In other words, the mixed theory states that two parents produce offspring with traits that lie between those of the parents. Therefore, the offspring is only an average between the two different characteristics of their parents. As an example to explain this theory, we can consider the crossing of two varieties that produce white and red flowers. When this cross produces offspring of pink color, it shows a mixed heritage. The fusion of inheritance states that descendants are always an intermediate mixture of their parents` characteristics. In contrast, particulate inheritance indicates that the offspring receives discrete units from their parents. Fusion theory is no longer an accepted theory, while particulate heredity is an accepted theory in biology. Genetic variation is inherited and maintained according to particulate inheritance, while genetic variation is not possible according to mixed inheritance. So here is the summary of the difference between fusion and particulate inheritance. All living organisms have a clearly defined cellular architecture controlled by the genes they inherited from their parents. The branch of science that deals with heredity and variation is known as genetics. The history of genes and genetics dates back to Gregor Mendel`s work on pea plants in the nineteenth century.

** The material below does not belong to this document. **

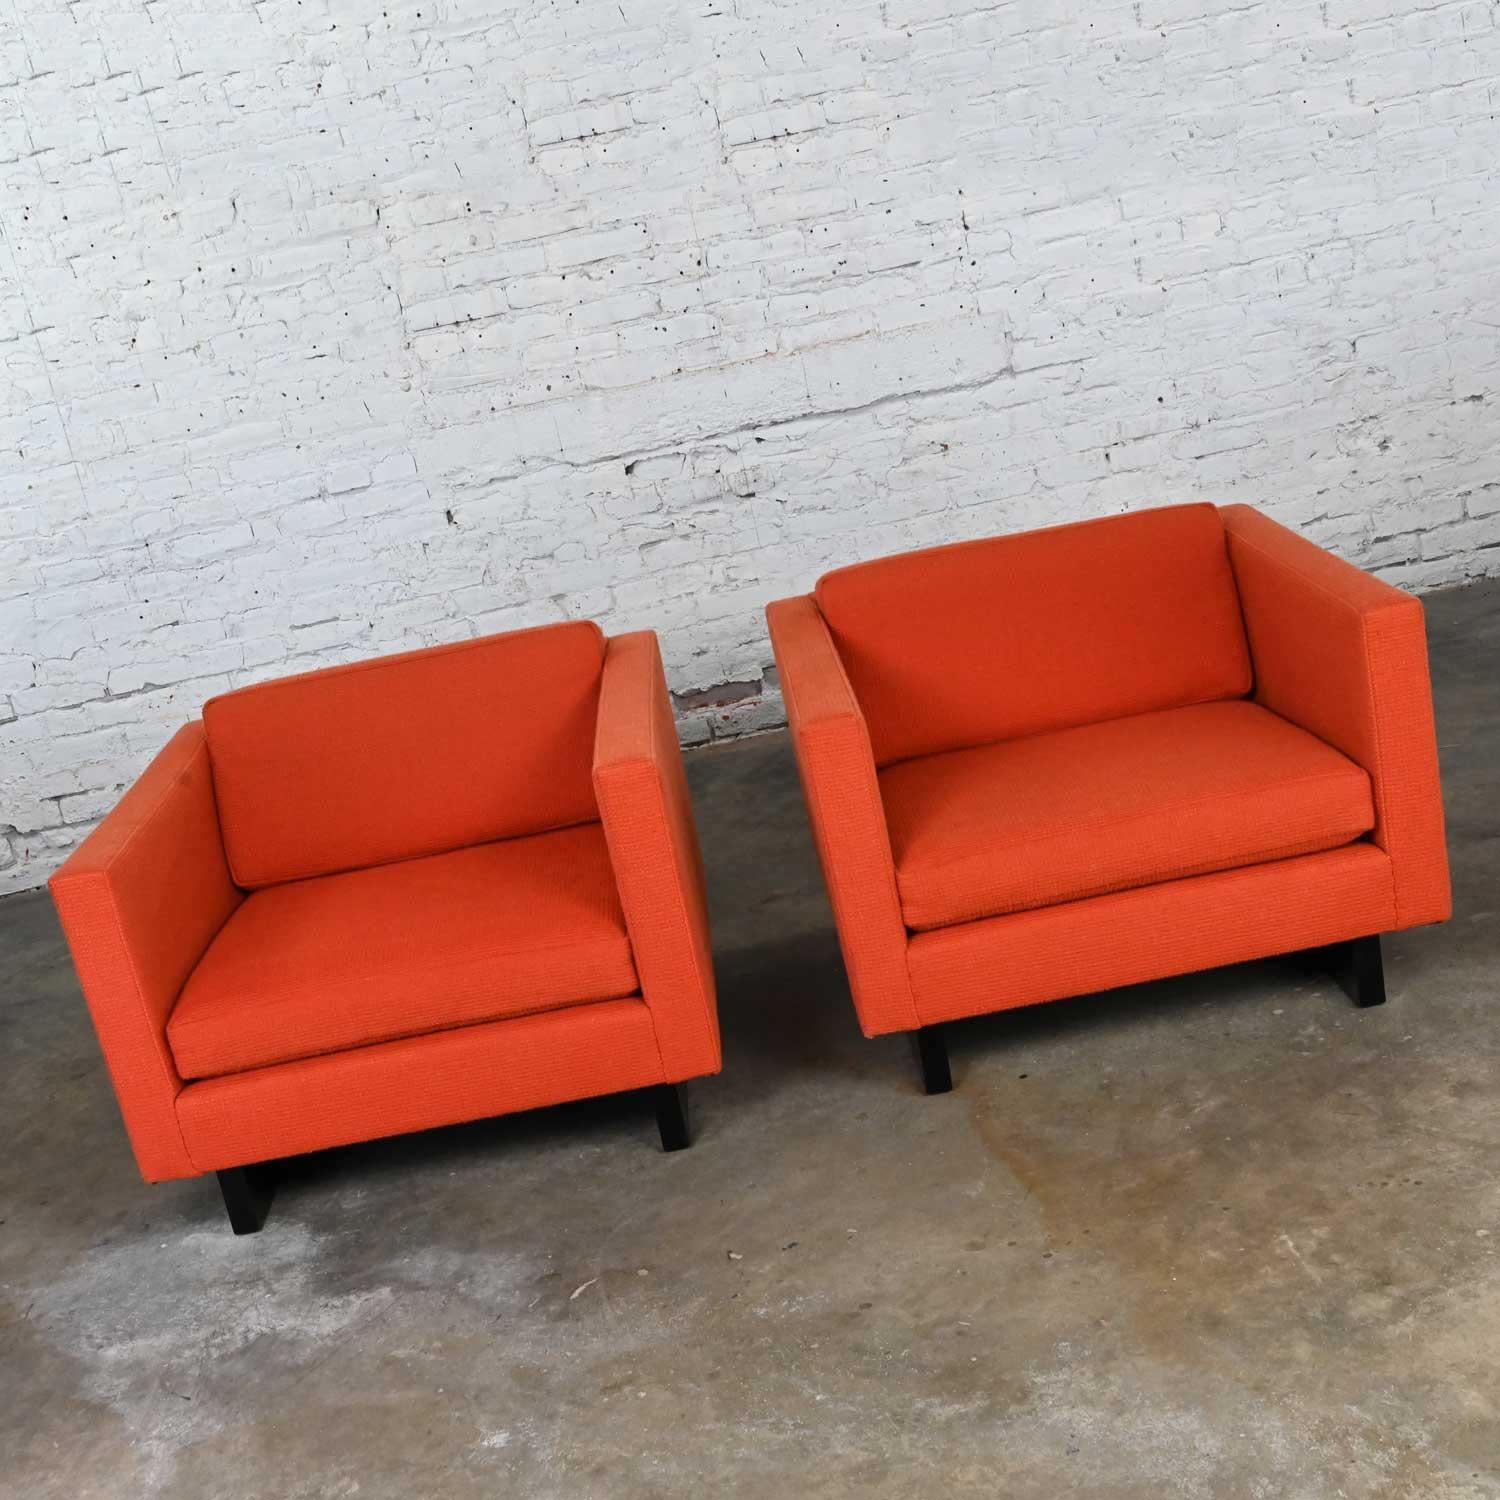 Magnifique paire de chaises club 1571 de style tuxedo orange avec piétement traîneau peint en noir, MCM (a.k.a. Mid-Century Modern) à Modern Harvey Probber. Vintage By, gardant à l'esprit qu'ils sont vintage et pas nouveau donc aura des signes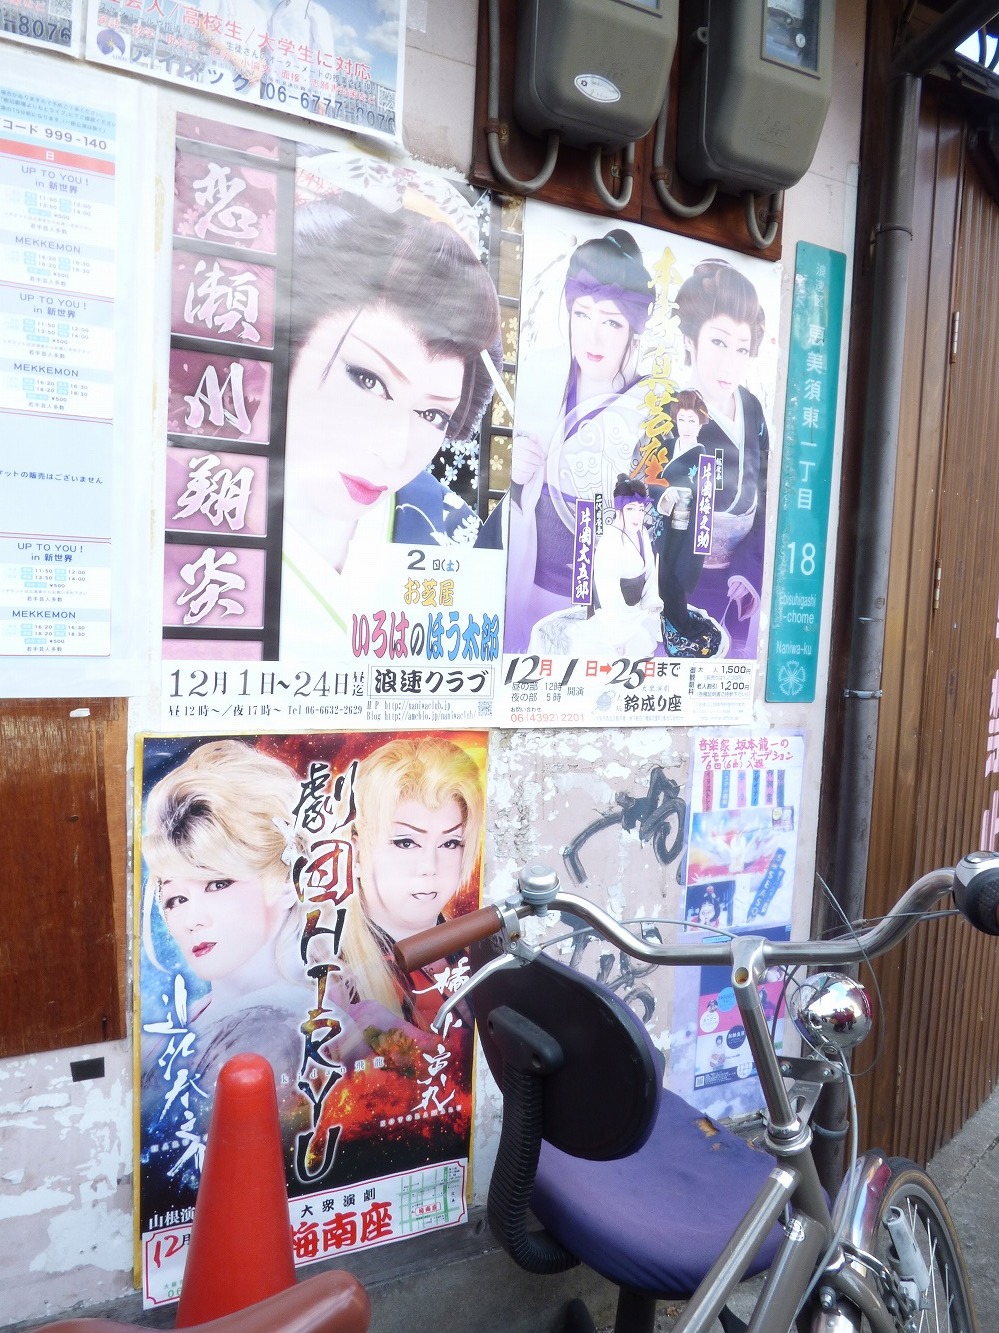 浪速クラブ(左上)・鈴成り座(右上)・梅南座(左下)の各ポスター。うち、浪速クラブのポスターは演目の部分が毎日貼り替えられている。

Before Mendel`s work, pangenesis and the mixture of heredity theories were the accepted theories in the biological world to explain heredity in living organisms, but Mendel`s work explained heredity on the basis of scientific experiments. He is honored with the title of “Father of Genetics.” He observed that various characteristics such as size, flower color, etc. are controlled by the particulate matter in the cell, which he called factors.